TASK TO COMPLETE: Output the listing verbatim, leaving out every picture.

AVAILABLE DATA:
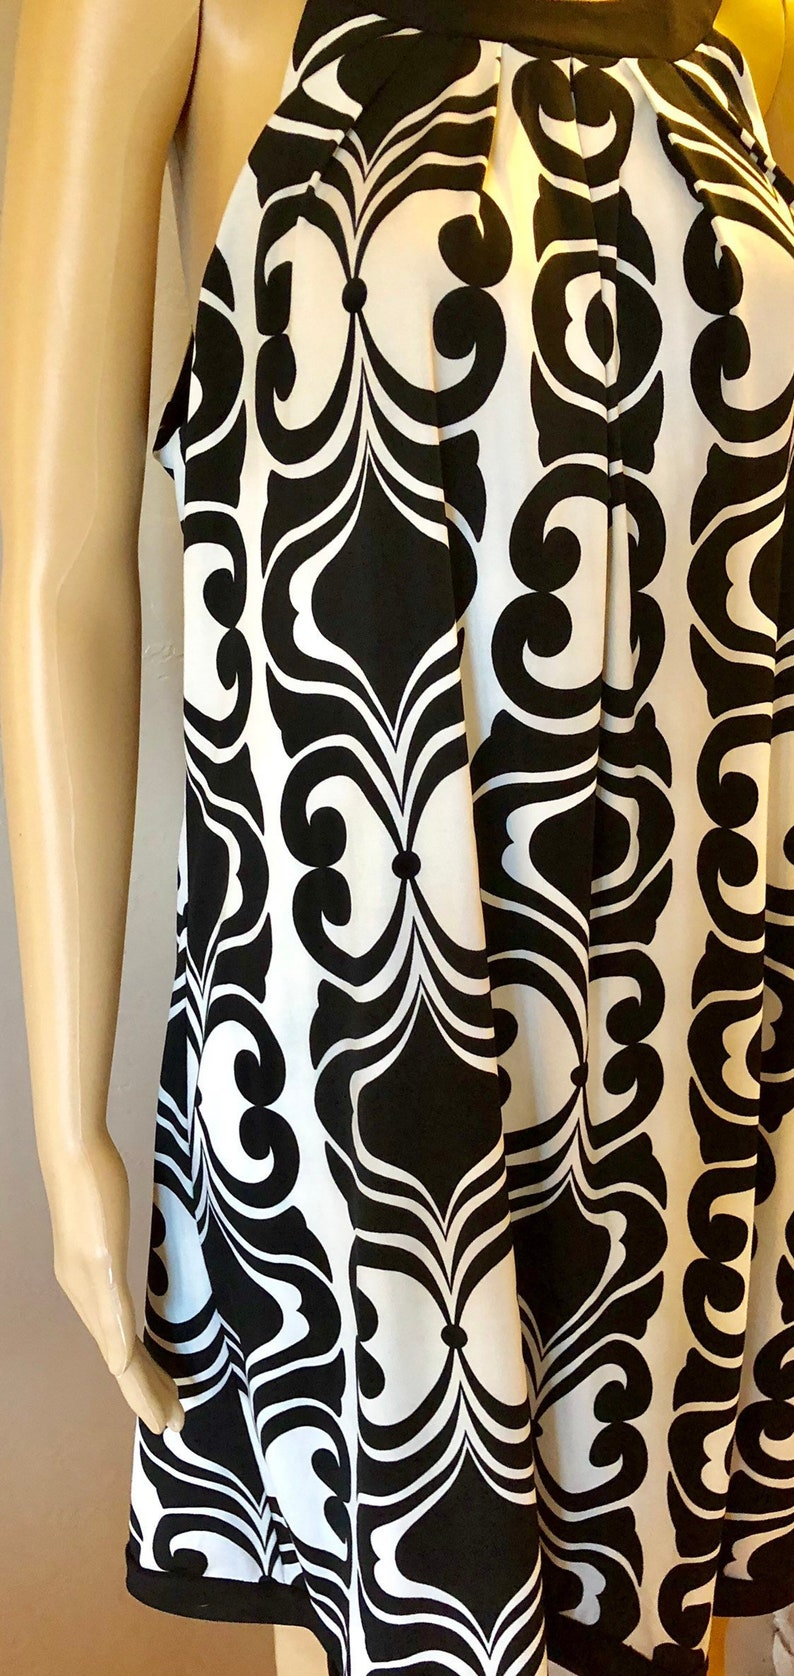 slip over dress Off Ivory and black patterened dress 90/'s B Smart Womans A-line Size Large dress Off the shoulder neck collar
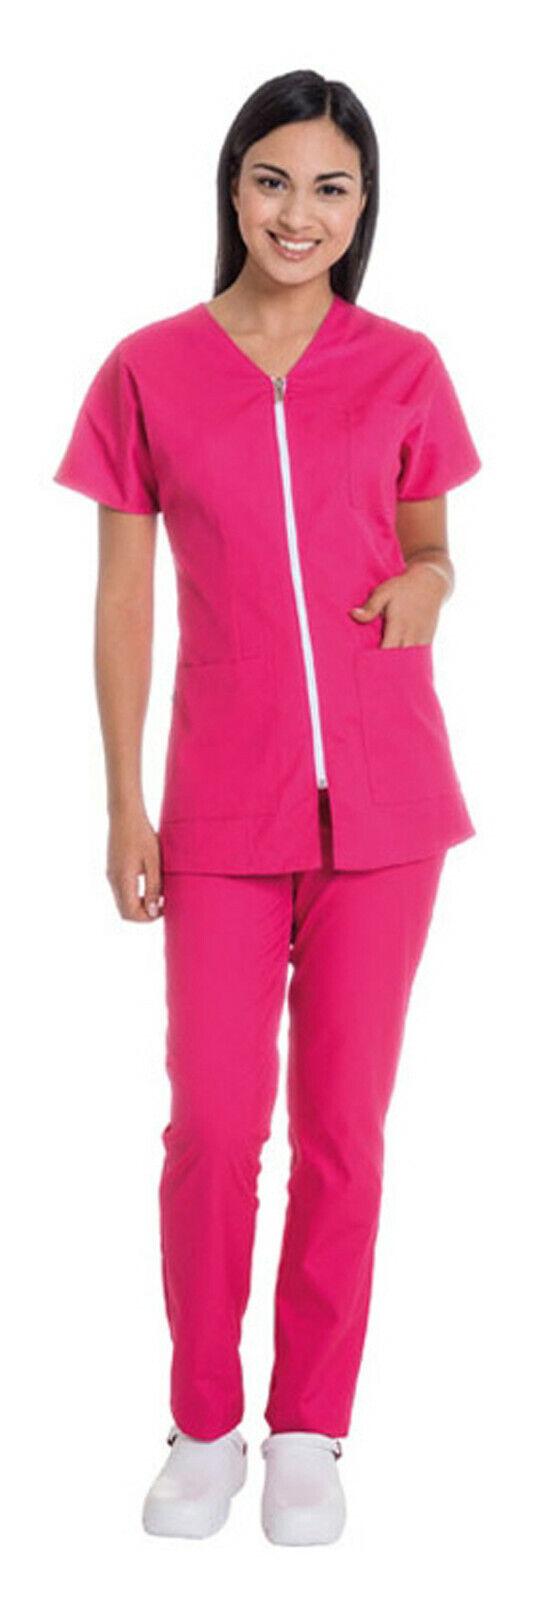 Divisa Sanitaria Donna Casacca Pantaloni Pantaloni Pantaloni Ospedale Infermiera Completo Estetica 92d124
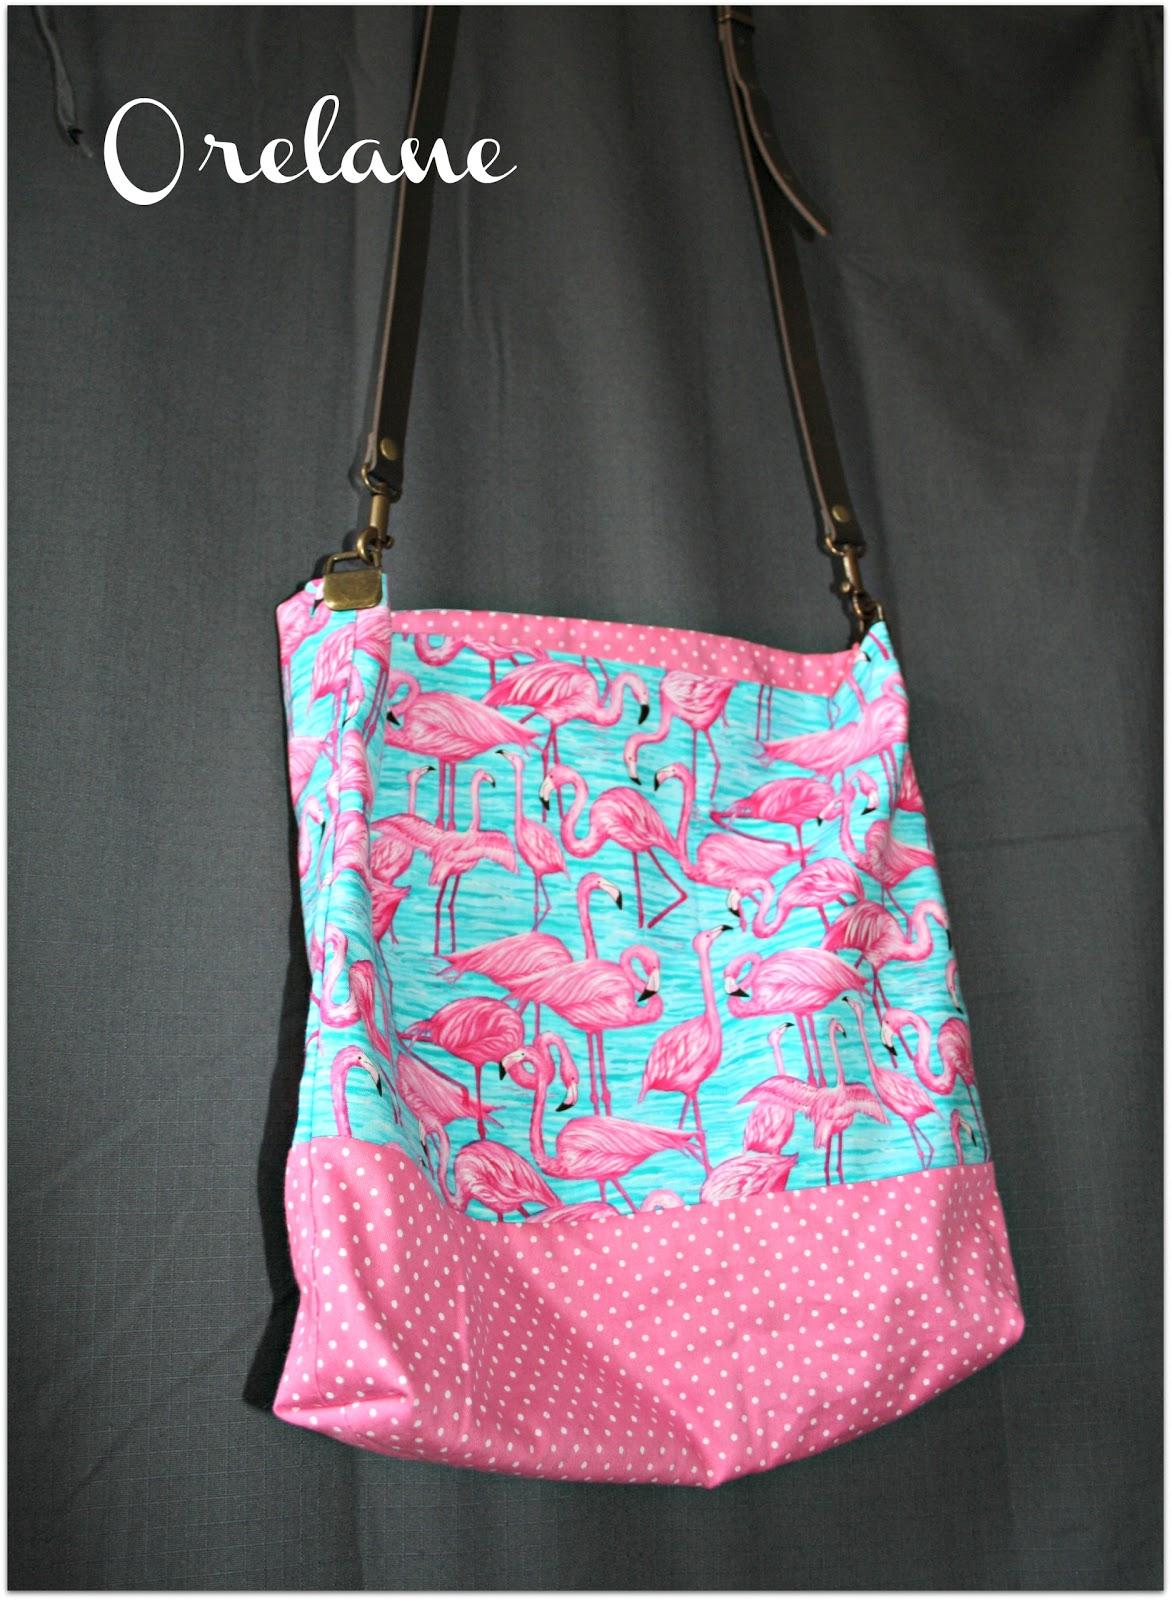 Fabuleux Orelane: Mon tuto de sac facile pour débutante ou nulle en couture  IS09
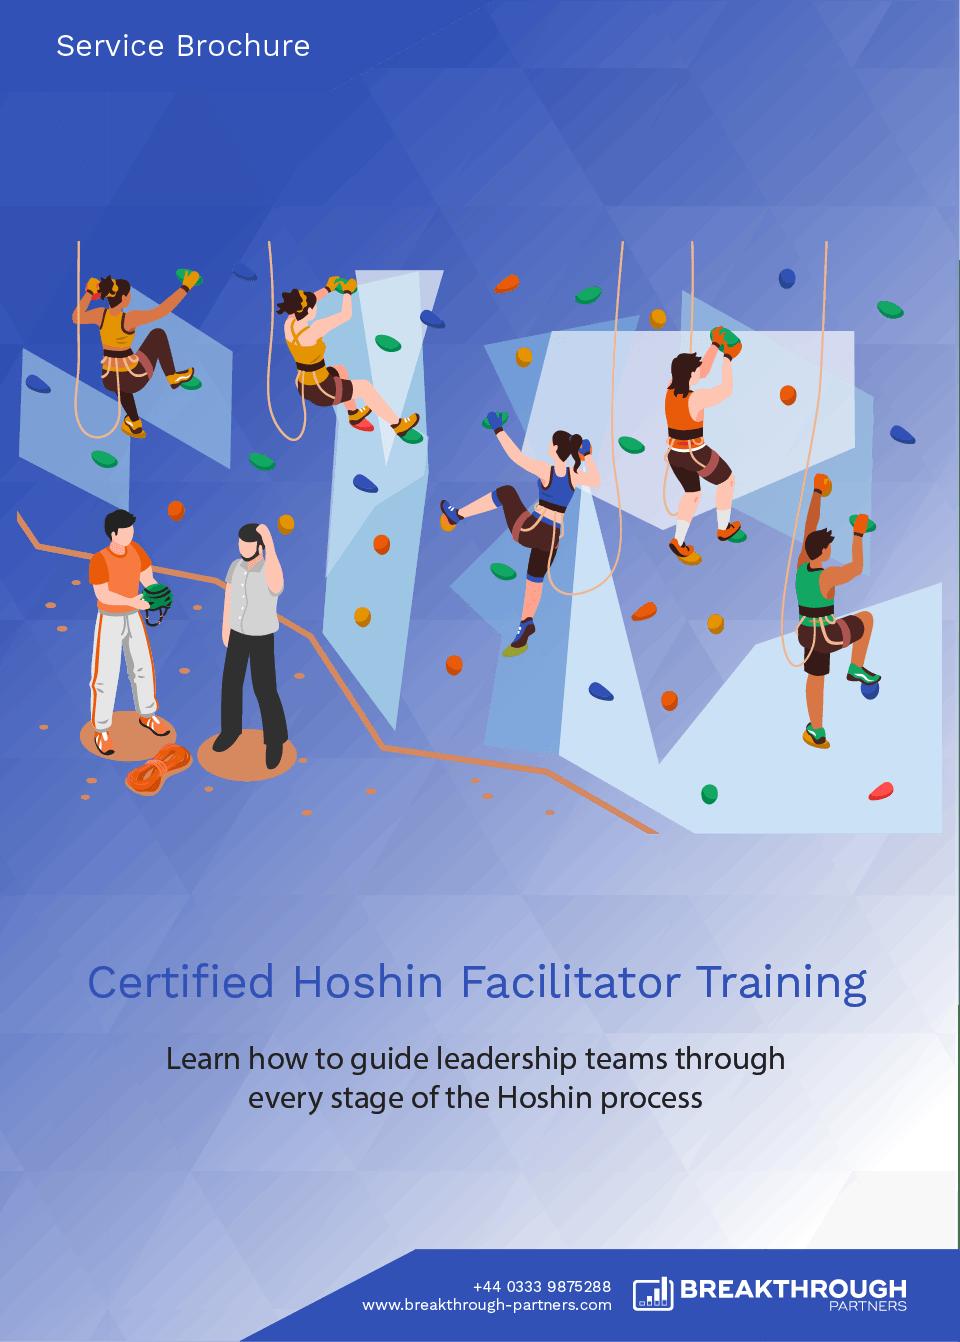 Certified Hoshin Facilitator Training Brochure

SOLUTION FOR THIS EXERCISE:
 slip over dress Off Ivory and black patterened dress 90/'s B Smart Womans A-line Size Large dress Off the shoulder neck collar
 Divisa Sanitaria Donna Casacca Pantaloni Pantaloni Pantaloni Ospedale Infermiera Completo Estetica 92d124
 Fabuleux Orelane: Mon tuto de sac facile pour débutante ou nulle en couture  IS09
 Certified Hoshin Facilitator Training Brochure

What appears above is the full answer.